Repeat exactly the lines running from the first line of the data to the line containing "Farvel greb tæt", both ends included, and nothing else; drop the pictures.

THE DATA Block Start

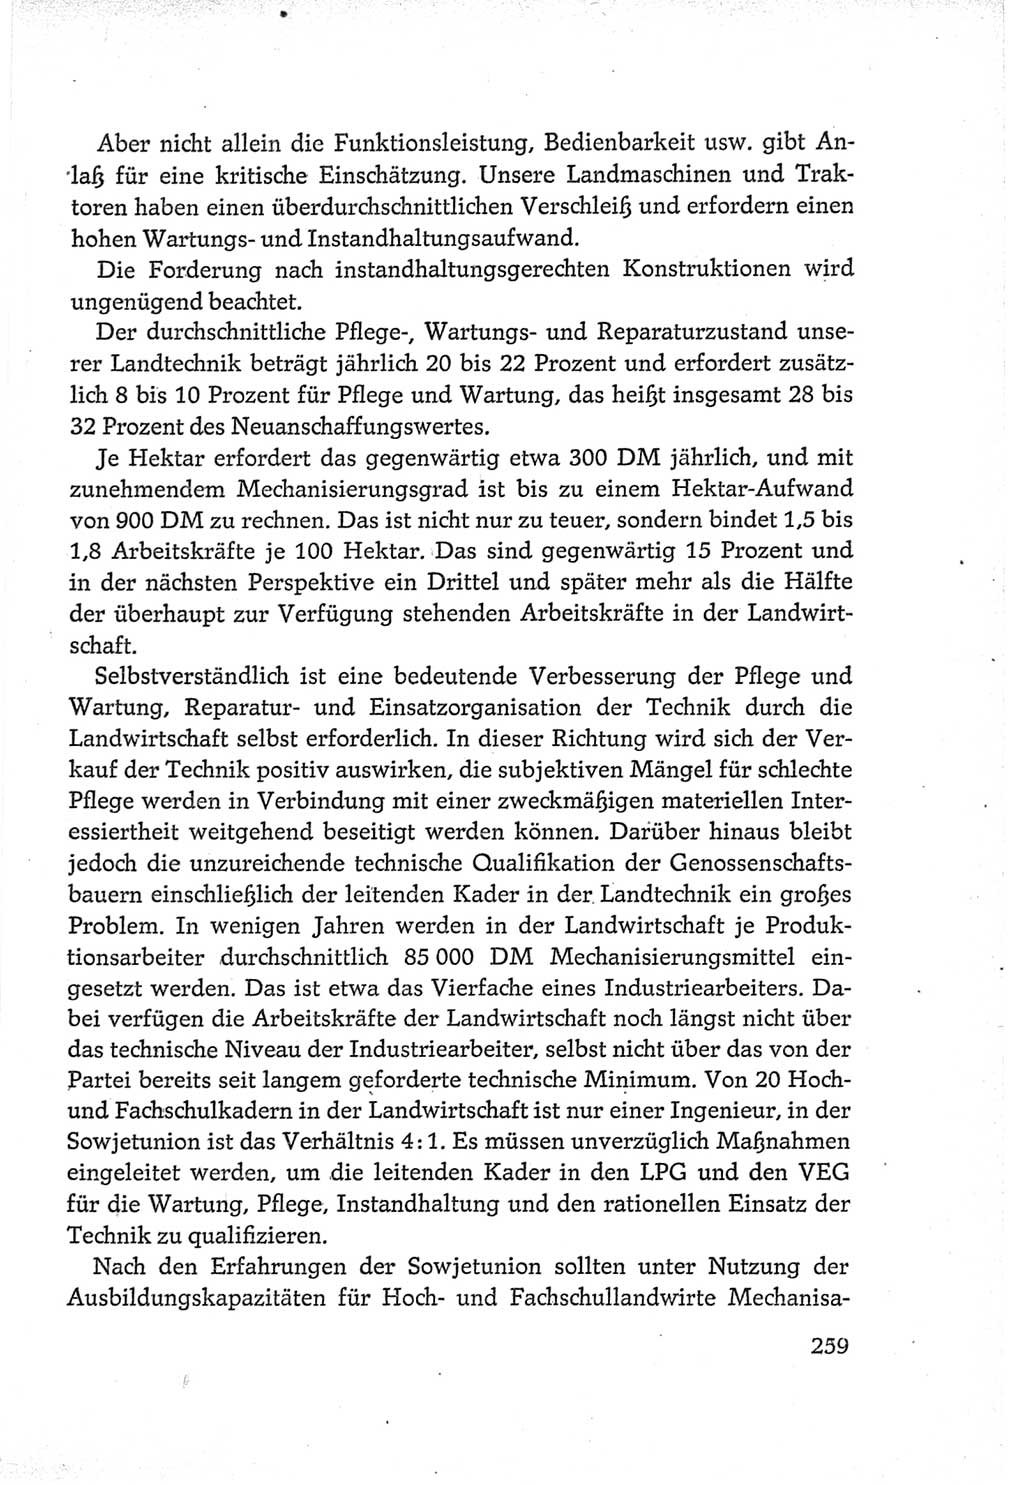 Protokoll der Verhandlungen des Ⅵ. Parteitages der Sozialistischen Einheitspartei Deutschlands (SED) [Deutsche Demokratische Republik (DDR)] 1963, Band Ⅲ, Seite 259 (Prot. Verh. Ⅵ. PT SED DDR 1963, Bd. Ⅲ, S. 259)
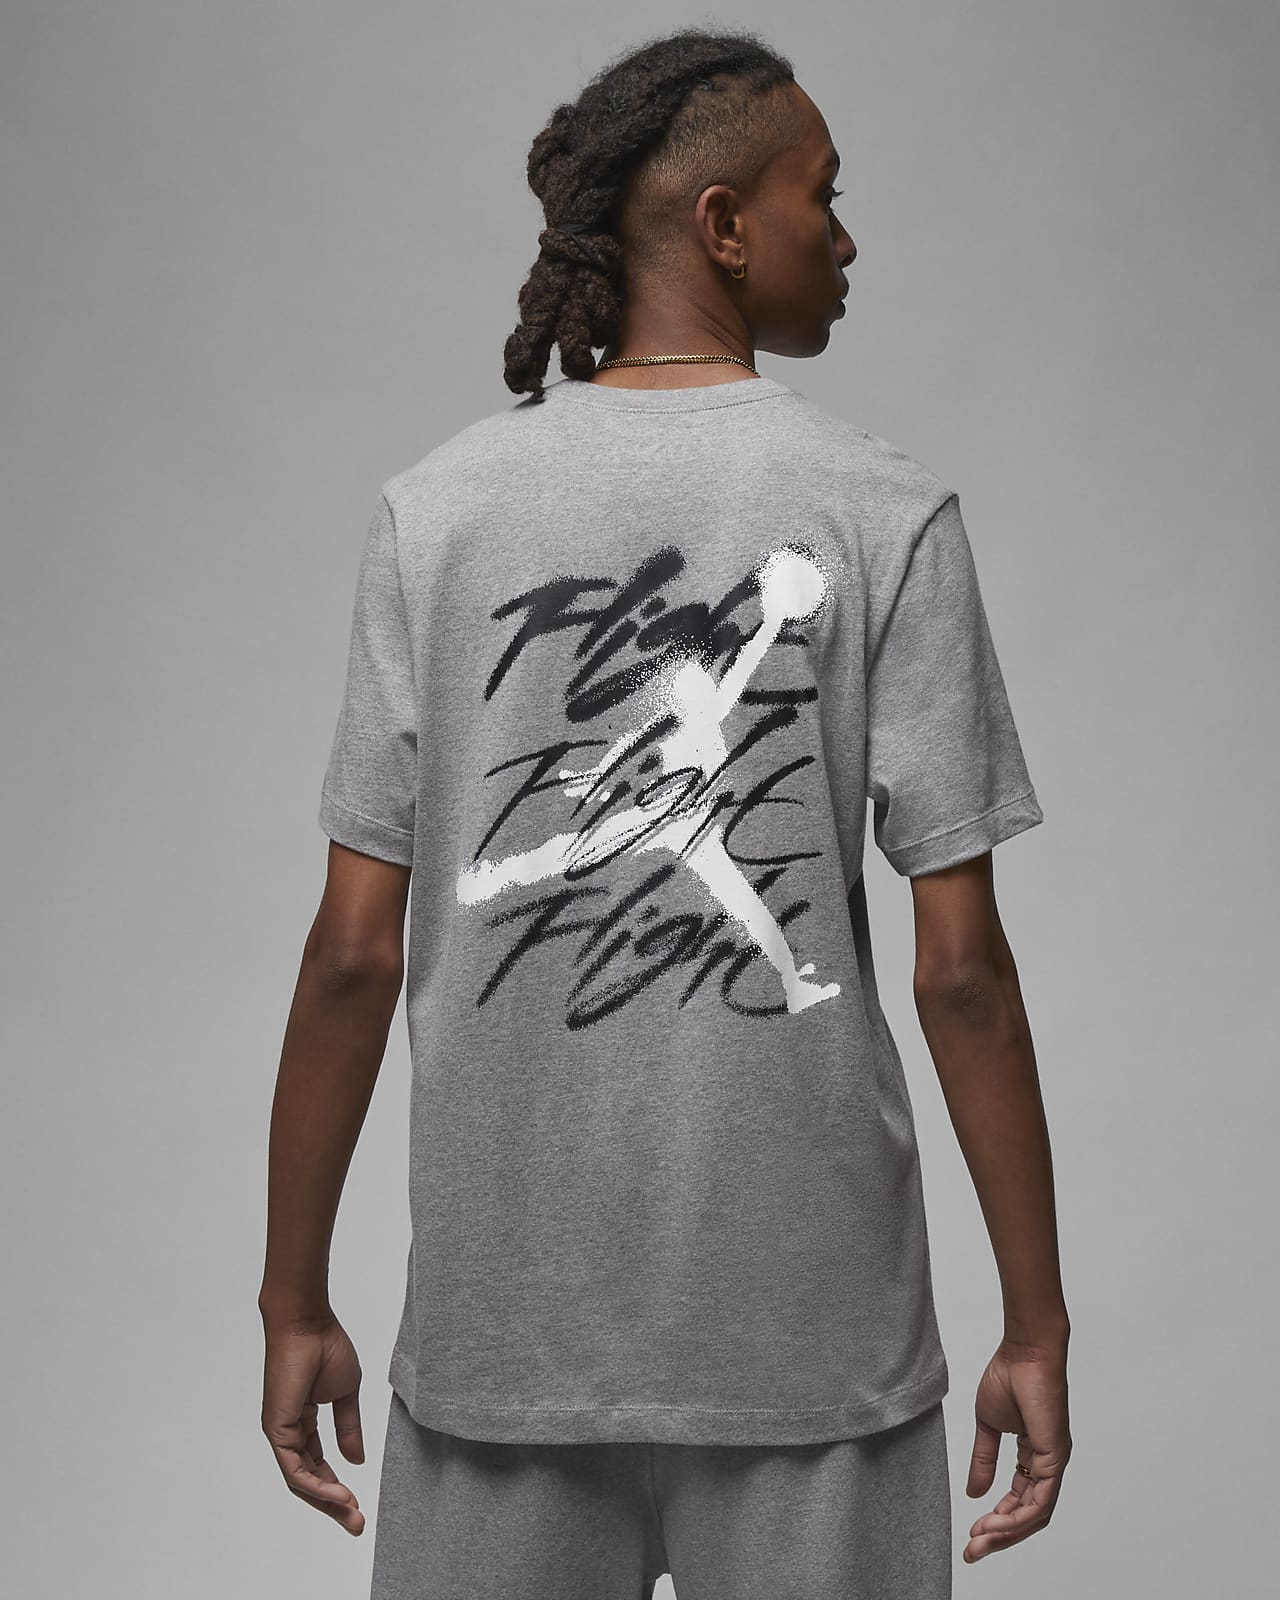 Farvel greb tæt Jordan-T-shirt med grafik til mænd. Nike DK
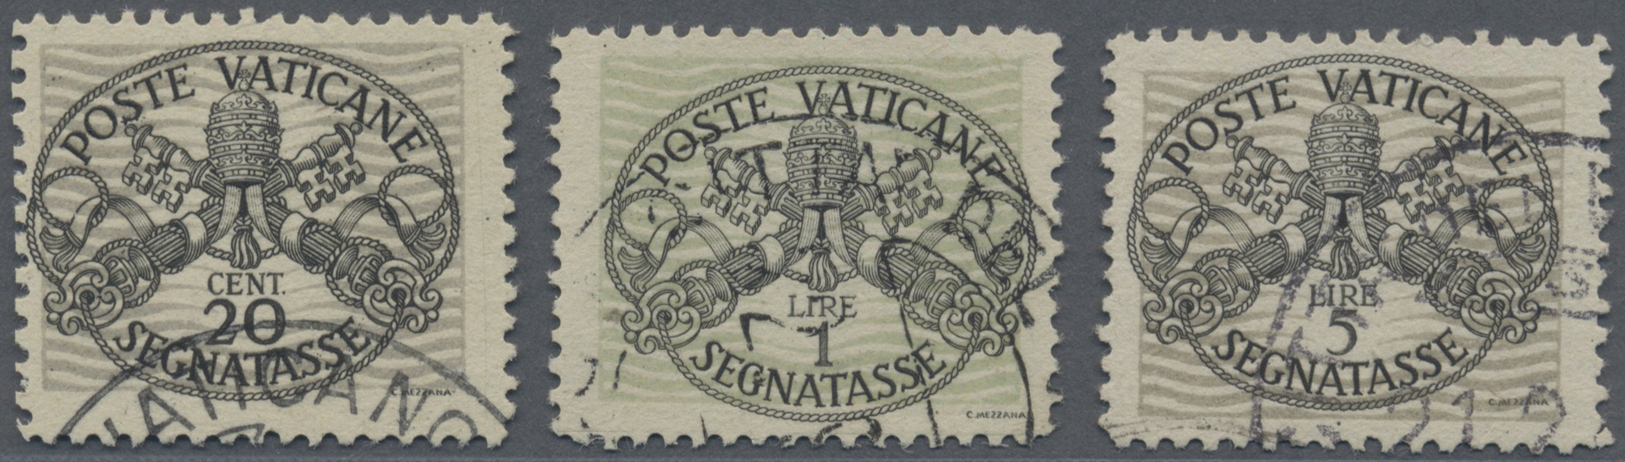 O Vatikan - Portomarken: 1946, Wappenzeichnung 20 C, 1 L Und 5 L, Breite Unterdrucklinien Auf Grauem Papier, I A - Postage Due

THE DATA Block End

WRITTEN ANSWER ::
 Protokoll der Verhandlungen des Ⅵ. Parteitages der Sozialistischen Einheitspartei Deutschlands (SED) [Deutsche Demokratische Republik (DDR)] 1963, Band Ⅲ, Seite 259 (Prot. Verh. Ⅵ. PT SED DDR 1963, Bd. Ⅲ, S. 259)
 Farvel greb tæt Jordan-T-shirt med grafik til mænd. Nike DK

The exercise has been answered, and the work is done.